Families change but nowhere to go: Meet Alicia


My name is Alicia Bowman and I live in Newton with my husband and 3 children.

I was heartbroken when I had to take my parents’ car keys away because it was no longer safe for them to drive. The natural question following that was: how would they get their food and other necessities? My parents’ house is neither close to public transit nor walking distance to anything they need.

When I finally located a suitable apartment near a grocery store, it turns out that they still have to cross a busy, six-lane roadway to get there.

My husband’s parents went through a similar experience when they had to move out of their home that had four flights of stairs. My father-in-law felt guilty that his physical needs put his wife in a situation where she, too, was losing her independence. Eventually, they became housebound over the long winters and beyond, isolated from friends and activities.

People think it won’t affect them until they’re old. But I have friends who have become disabled and faced similar challenges. We have to have some more options. It’s something that will impact everybody.

I, too, want to age in my community.

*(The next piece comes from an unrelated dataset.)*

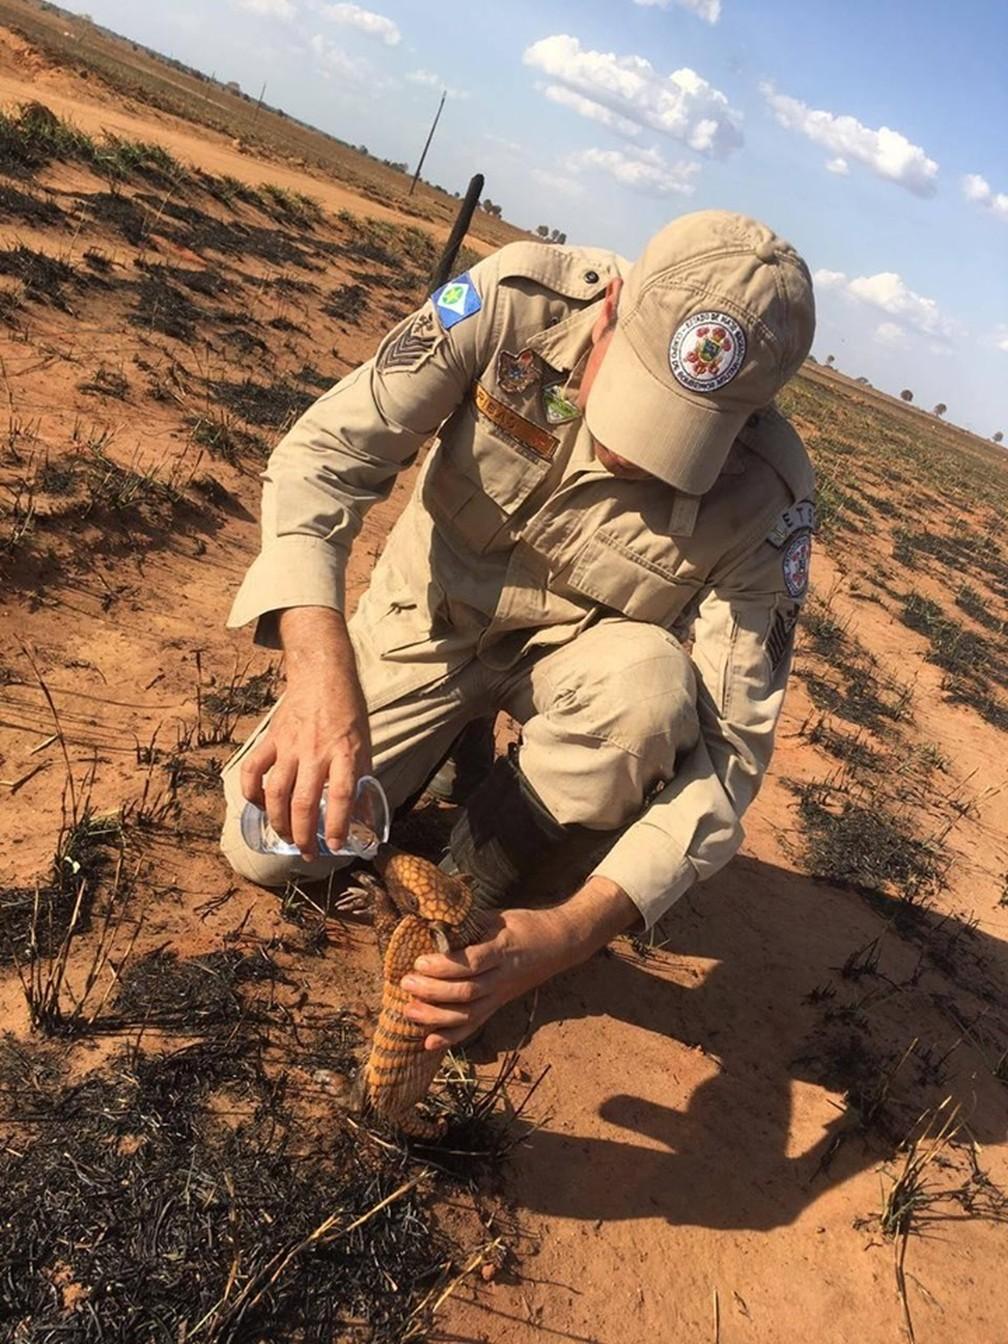 Filhote de tatu bebe água em copo oferecido por bombeiro que fazia perícia em pasto incendiado em Mato Grosso — Foto: Corpo de Bombeiros de Mato Grosso/Divulgação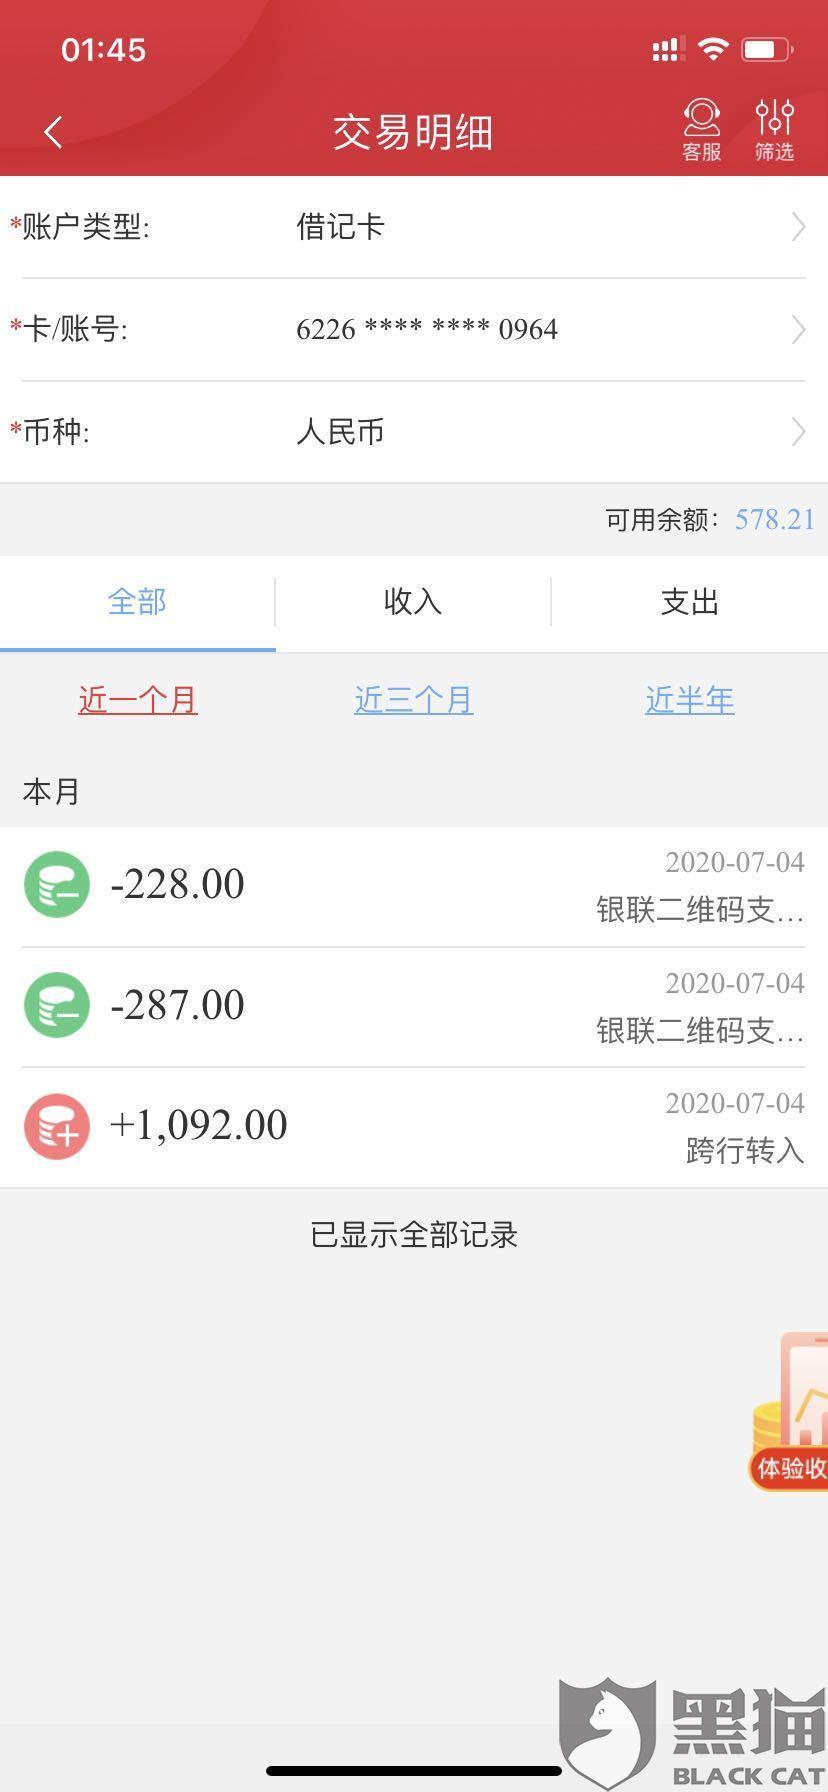 黑猫投诉:易贷宝,实际到账577元,5天还款2115.75

Within the next five years, my husband and I will be empty-nesters and would like to downsize but stay in Newton. We would like something with less upkeep, and help us reduce our expenses.

As we plan for the next 30+ years of our life, we need a home that is accessible, with less stairs and easier to maneuver, but also close to things so that we can live without a car while remaining active throughout the year for long-term health.

Even Newton, with all of its amenities, has very few areas that can meet these criteria because the housing there is older and mostly single family. We have many people in our community who fail to see the need for different housing types and who actively fight projects that would provide more accessible housing. One day they too will need more accessible housing, but of course it will be too late for them.

Great communities should enable aging residents to retain control of their lives, rather than forcing them to live in dormitory-like situations because there are no better options.

Great Neighborhoods legislation would help communities change the conversation from “Should we have multifamily housing in our community?” to “How should we do it?” We have the opportunity to identify good locations and make those places work for people at all stages of life, from Millennials to people in my generation.

Thank you for reading and sharing my story.